In December 1993, the orbiting Space Telescope aimed its optics at curious disks of dust and debris surrounding distant stars. In these mixes of material, the primeval ingredients of planets -- protoplanets -- are believed to exist.
Why do astronomers look to find protoplanetary disks instead of actual planets?
Distant planets are impossible to view. They are astronomically small. Protoplanetary disks, however, are large clouds of debris usually 7.5 times the diameter of our own solar system. While planets emit no light, in many cases nearby stars shower the protoplanetary disks with radiation causing the clouds of dust to glow.
Photo. A protoplanetary disk near the Orion Nebula -- with a large, green cloud surrounding it. Courtesy C.R. O'Dell/Rice University, NASA.

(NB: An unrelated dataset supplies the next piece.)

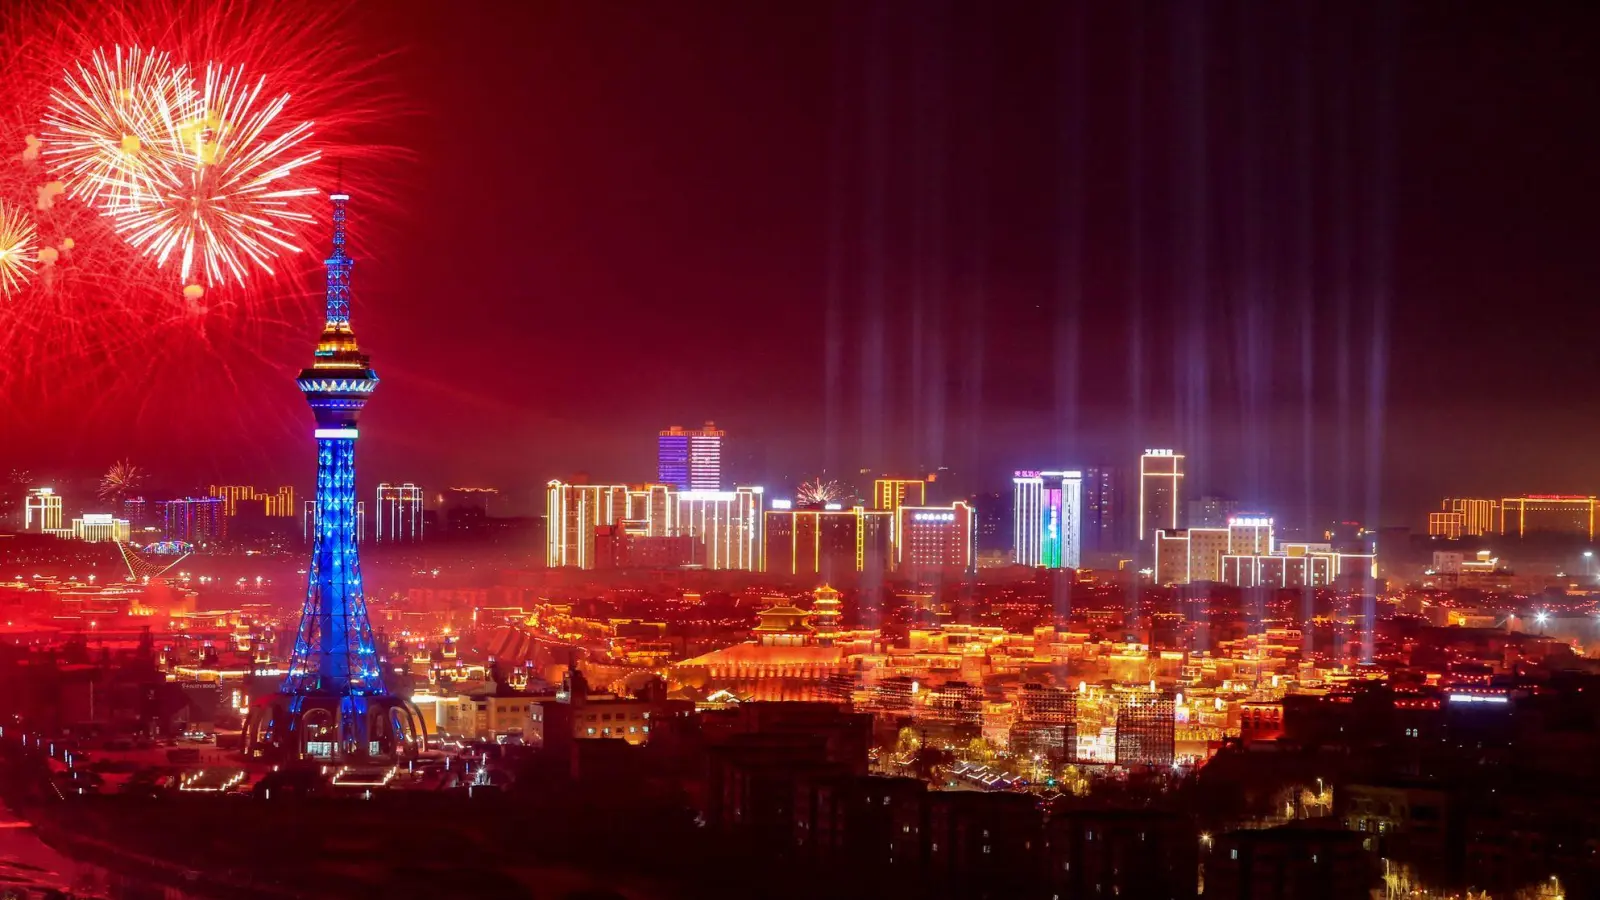 Ein Feuerwerk explodiert am Nachthimmel von Kashgar im nordwestchinesischen Autonomen Gebiet Xinjiang Uygur. (Foto: Cai Zengle/XinHua/dpa)

Unable to observe actual planets, protoplanets offer astronomers the only opportunity to study the probabilities that other solar systems might exist. With increased knowledge of other solar systems, better theories on the possibilities of extraterrestrial life can be formulated. Protoplanets also enable astronomers to observe how our own solar system might have formed millions of years ago.
Before the Space Telescope, scientists had speculated about the origin of our solar system. They generally accepted the idea that the solar system had accreted from a cloud of hydrogen and helium. This cloud, named the solar nebula, also contained ice and dust particles. While this loose material was gravitationally drawn together, the cloud began orbiting around a dense center. As the center of the nebula gradually pulled in more material, it became a protosun.
Circling the embryotic star, the debris in the cloud eventually accreted into protoplanets. The cloud of dust that once orbited the protosun became a protoplanetary disk, a proplyd. From this point, the protoplanets would continue to accrete material until only a handful of planets remained. The protosun, however, would undergo a much more dramatic change. Temperatures and pressures at the center of the nebula increased, and at a certain point became high enough to ignite a thermonuclear reaction -- the birth of a star.
Photo. Proplyds in the Orion Nebula; notice debris surrounding these five young stars that remained after formation. Courtesy C.R. O'Dell/Rice University, NASA.